**Given data:**

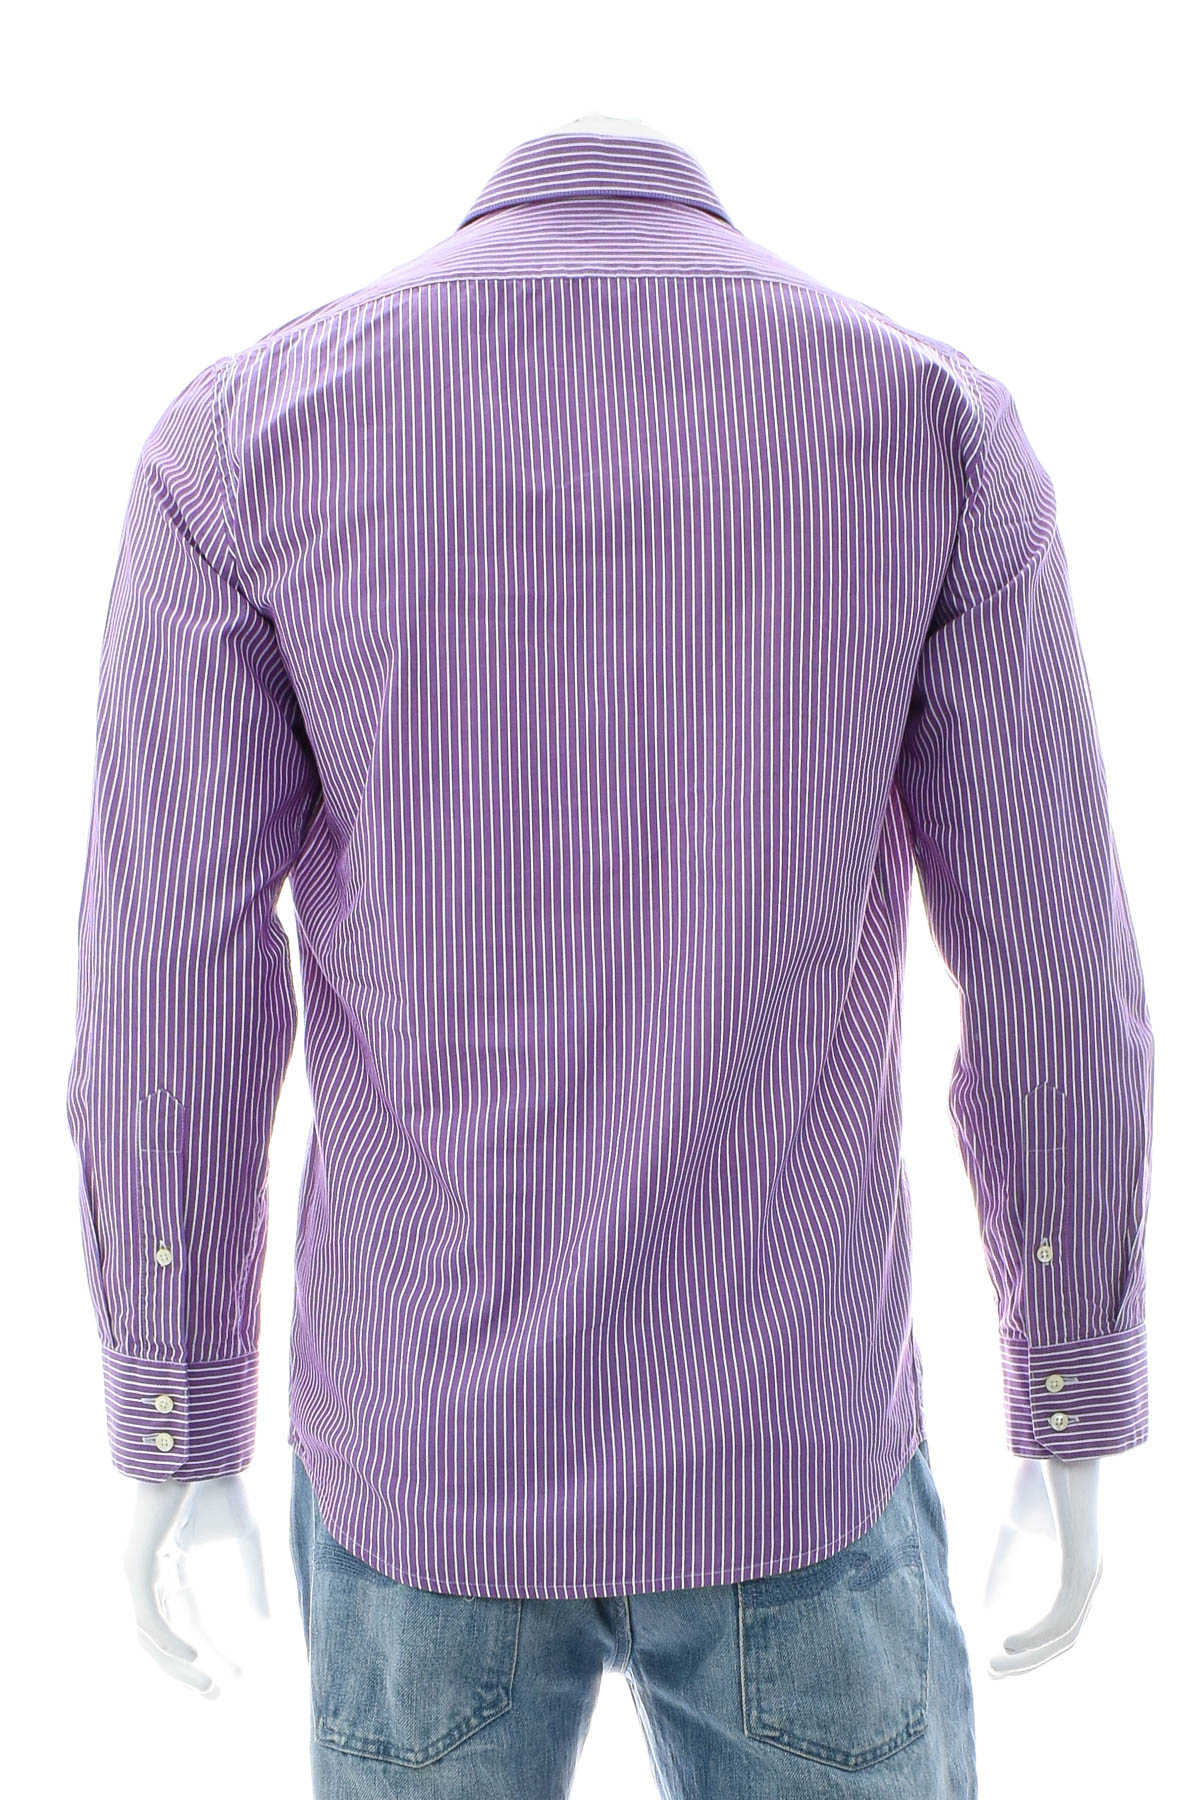 Ανδρικό πουκάμισο - Arido - 1
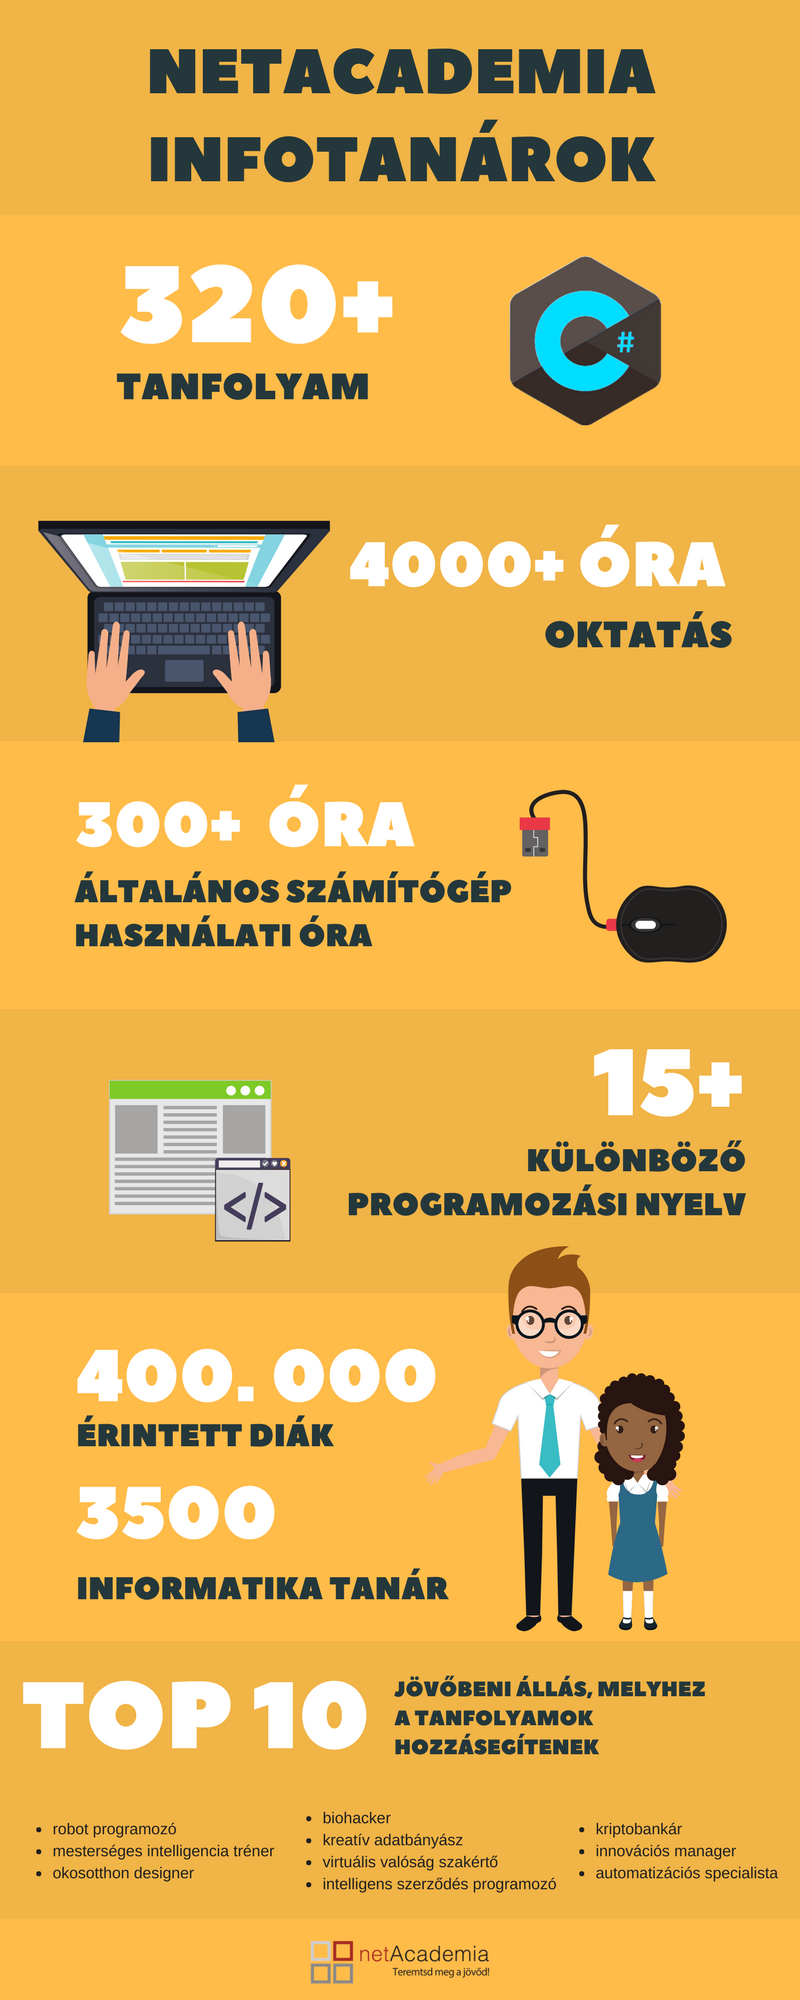 infotanar-infografika-new.png
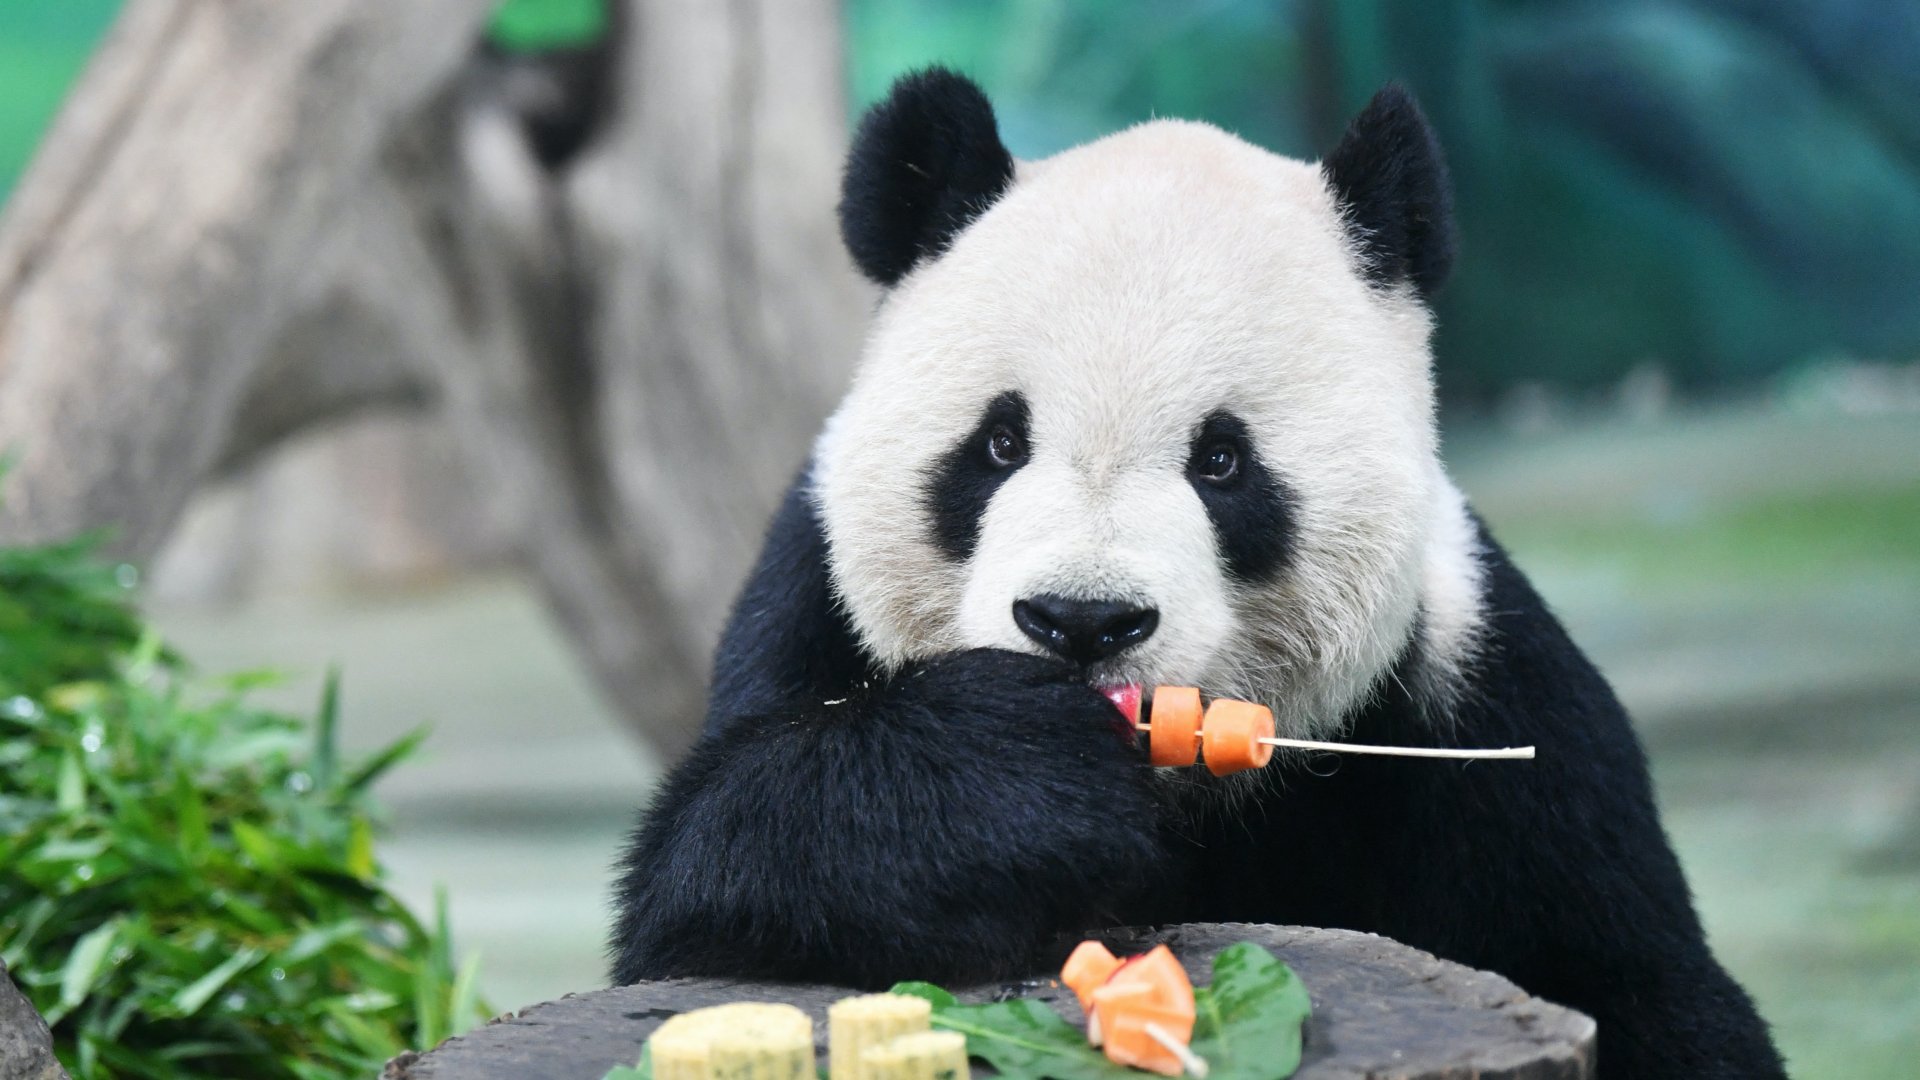 Az óriáspanda Tuan Tuan nyársra tűzött gyümölcsöket és zöldségeket eszik Tajpejben, a tajvani állatkertben 2019. szeptember 13-án

**About this exercise:** All lines of the material above should be returned unchanged, but no pictures should be included.

**Response box:**
 Ανδρικό πουκάμισο - Arido - 1
 infotanar-infografika-new.png
 Az óriáspanda Tuan Tuan nyársra tűzött gyümölcsöket és zöldségeket eszik Tajpejben, a tajvani állatkertben 2019. szeptember 13-án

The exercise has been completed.